Saving the Reef’s future by looking backwards: A joint project with ACMS

The intersection between science, history and activism will be highlighted in my multimedia environmental history project with the Australian Marine Conservation Society (ACMS). It will explore how technology and historical analysis can benefit real world conservation work and assist ACMS to produce a detailed timeline of their historic impact.

Together with my supervisors Cat and Katie, I decided that it would be best for me to link my existing interests with a particular section or team in their organisation. This is something that would most benefit their organisation as well, knowing who to align me with throughout my project for archives and for further information. It would also give that section some concrete content for them to use in their work. All conservation work in this organisation is very site specific. I have decided to work with the reef team, based in Queensland who develop conservationist methods of communication to help to protect the Great Barrier and Ningaloo reefs from climate change devastation.

In a meeting I suggested that given the visual nature of these reefs and the multi-sensory nature of the reef in general, I would like to produce a multimedia photo essay that would be accompanied by a range of multimedia tools including oral histories (recorded on my zoom recorder) and historiographic analysis text. This would be built into a webpage but would also be submitted to them as separate pieces of historical analysis which they have said they could either use as a whole or separate and use at different stages of their campaign.

The project will be a historiographic analysis of coral bleaching in Australia. Through a range of technologies, I will analyse how our opinions have changed regarding the coral reefs over time and when the media has really started paying attention. The project will be both a timeline (in part) and a visual history analysis, unpacking how images have impacted Australians with regards to Coral bleaching.

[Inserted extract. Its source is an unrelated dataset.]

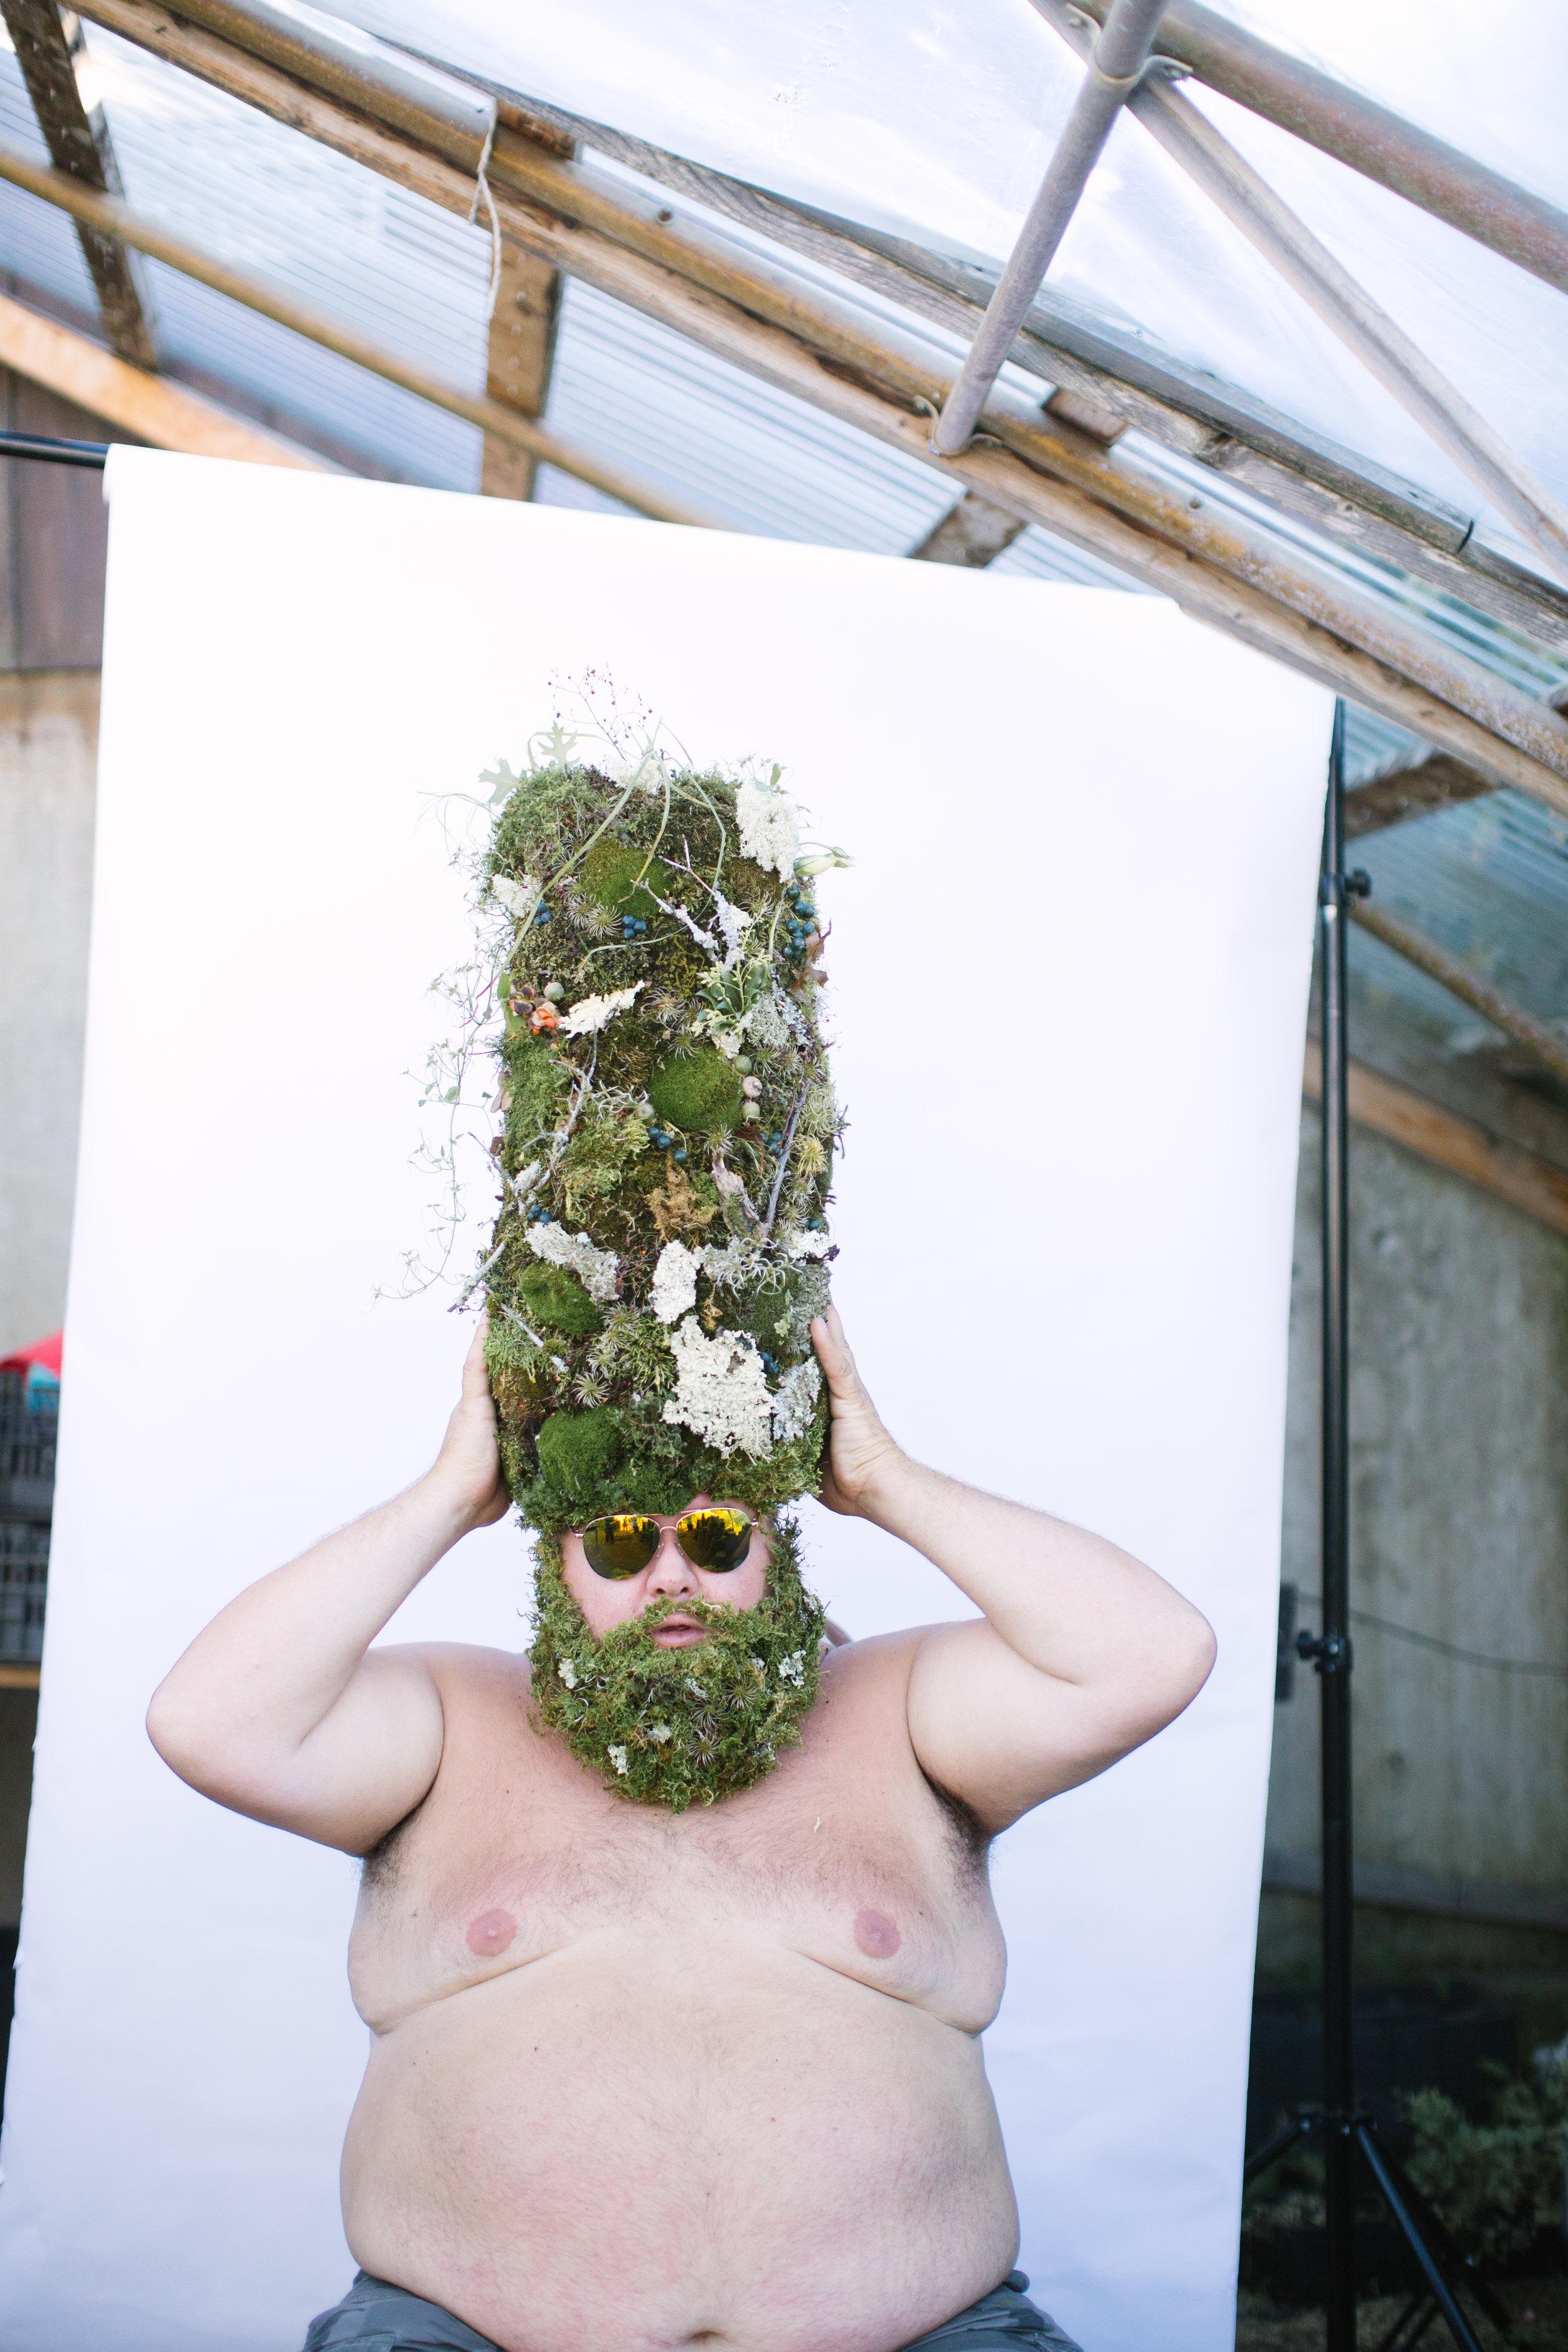 Floras-muse-beehivecollective-florist-head-piece-peonies-maineweddings-sunglasses.jpg

Coral bleaching events in the Great Barrier Reef have increasingly lengthened and gained severity since evidence first emerged in 2002.

Possible challenges moving ahead could include organising time to meet with science communicators (over the phone) for audio interviews and on a practical level, building the website which will require me to up-skill to a higher level of web development. Its an opportunity to improve my digital literary skills and explore how coral imagery can interact his historiographical analysis.

Cat and Katie have noted that they will put me in touch with the communication team in a couple of weeks so I am able to liaise with them about what will suite their existing interface and what kind of access I am able to gain to their archive of conservation work. She is also asking coral reef scientists if they would be comfortable being interviewed. In the meantime, I am reading the works of Ian McCalman (who I have spoken to about an environmental history/Communications honours) and Killian Quigley. I’m sure the Sydney Environmental Institute would be able to assist me in many other ways as well.

As this organisation is so acutely dependent on science communication, but so many of their staff are short of time to do deep history work on their organisation and its impacts as they work to improve the future for Australia’s coral reefs, I hope that my project will provide a new way of looking at the organisations work. Hopefully this will be an initiative that I can continue to develop with them over time and will create a precedent for the ways in which they can digitally communicate their impact through time. Kat has also mentioned that a history of reef conservation and bleaching will tie in well with the 40th anniversary of the Great Barrier Reef as well as being a big priority in the lead up to World Heritage deadlines and WH Meeting in 2022.

I hope that this work with ACMS will reflect the importance of multidisciplinary collaborations between the sciences, humanities and environmental NGOS of Australia and explore the remarkable effect this collaboration has already had. I am passionate about the work this organisation does and hope that my experience as an environmental documentary researcher will help me to assist this important organisation.